Let $X$ and $A$ be topological spaces. Endow $X\times X$ with the product topology. Let $$f\colon X\times X\to A$$ be a (not necessarily continuous) map.
For each $x\in X$, define functions $f_{1,x},f_{2,x}\colon X\to A$ by $$f_{1,x}(y)=f(x,y),$$ $$f_{2,x}(y)=f(y,x).$$
Question: Is it true that $f$ is continuous if and only if $f_{1,x}$ and $f_{2,x}$ are continuous for all $x\in X$?

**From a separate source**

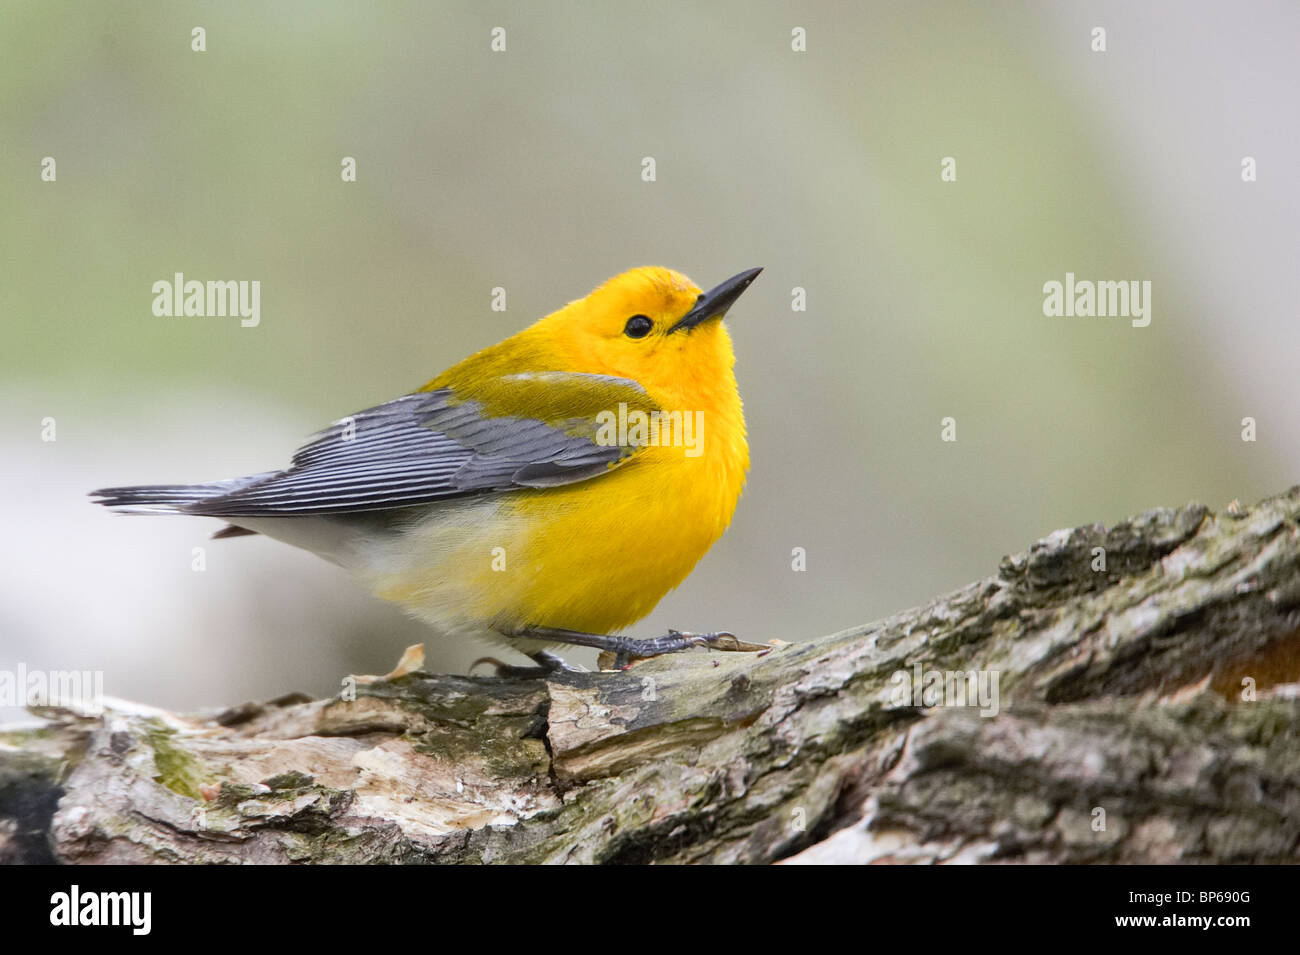 Adult Male Prothonotary Warbler Perched Stock Photo

Comment: I can see one direction, namely if $f$ is continuous, then so are $f_{1,x}$ and $f_{2,x}$ for all $x$, but I'm not sure about the other direction.
No, that is not enough. The basic problem is that $f_{1, x}$ and $f_{2, x}$ tells you only "continuity in horizontal" and on vertical, and so $f$ might have a "diagonal discontinuity". This is informal, but gives the correct idea.

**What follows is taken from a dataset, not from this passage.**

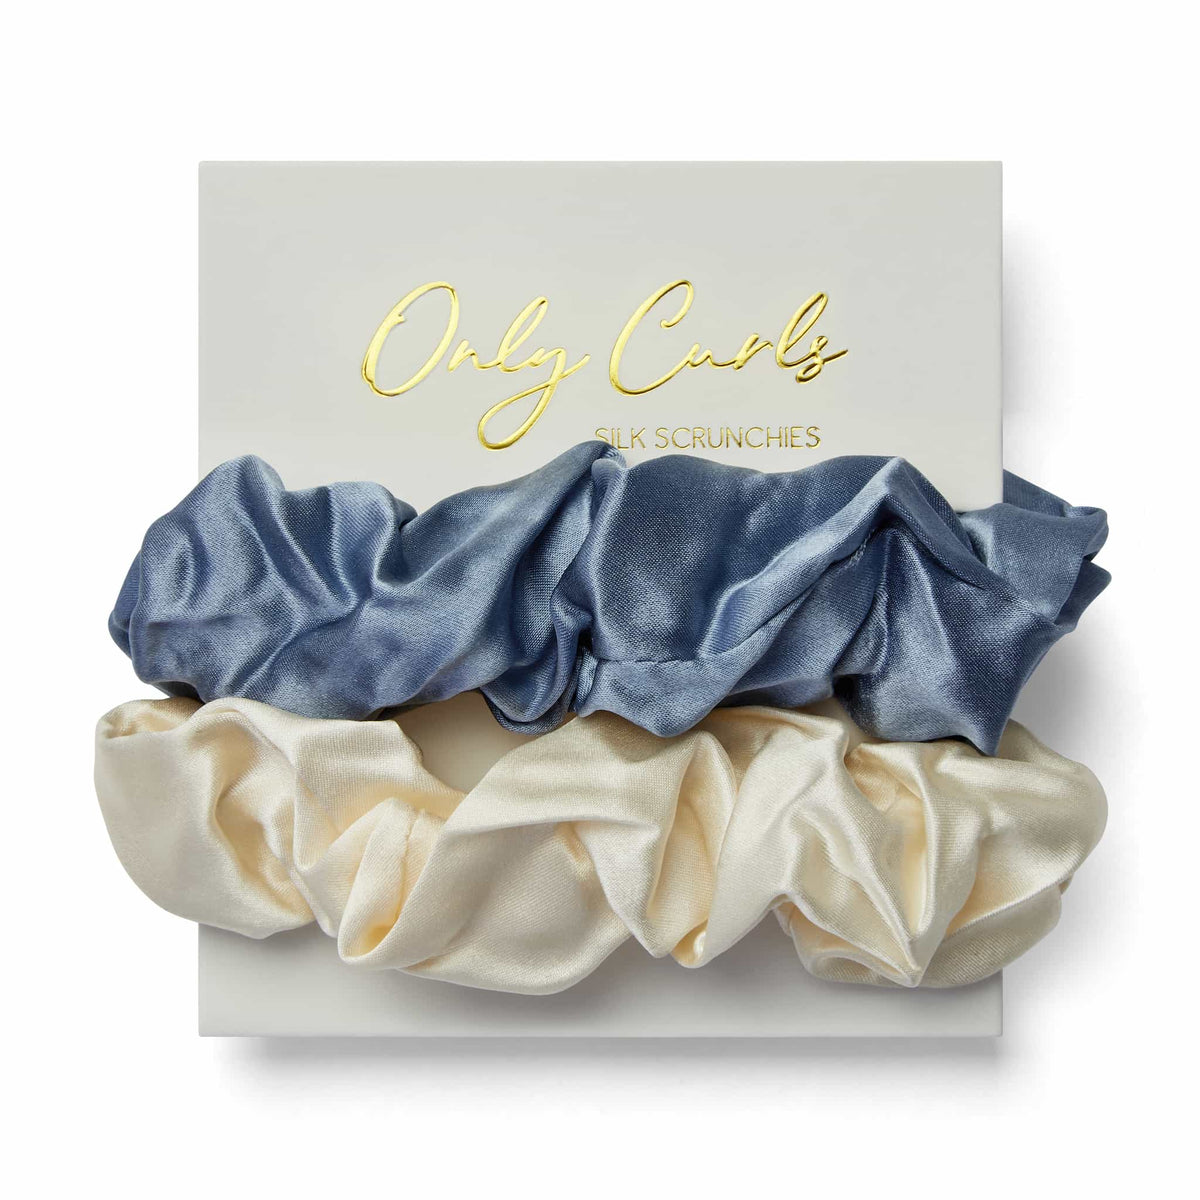 Only Curls Silk Scrunchies Multi Pack - Dusty Blue and Ivory - Only Curls

A counterexample is the following. Let $X=[0, 1]$, and $$ f(x, y)=\begin{cases} 0 & x=0 \text{ or }y=0, \\ \frac{xy}{(x+y)^3} & \text{otherwise} \end{cases} $$ Note that $f$ is not coninuous at $(0,0)$: $f(0,0)=0$ but $f(t,t)=1/8t$ for $t>0$, which diverges.
Now, let's showthat $f_{1,x}$ and $f_{2,x}$ are continuous. By symmetry we will only check the first one. For $x=0$, we have that $f_{1,0}=0$, so there is nothing to check. Otherwise, $$ f_{1,x}(y) = \begin{cases} 0 & y=0 \\ \frac{xy}{(x+y)^3} & y\neq 0. \end{cases} $$ This is clearly continuous for $y\neq 0$ (as $x+y\neq 0$), and for $y =0$ the limit $\lim_{y \to 0} \frac{xy}{(x+y)^3}=\frac{0}{x^3}=0$ as $x \neq 0$.
We get that $f$ is not continuous but the $f_{1,x}, f_{2,x}$ are.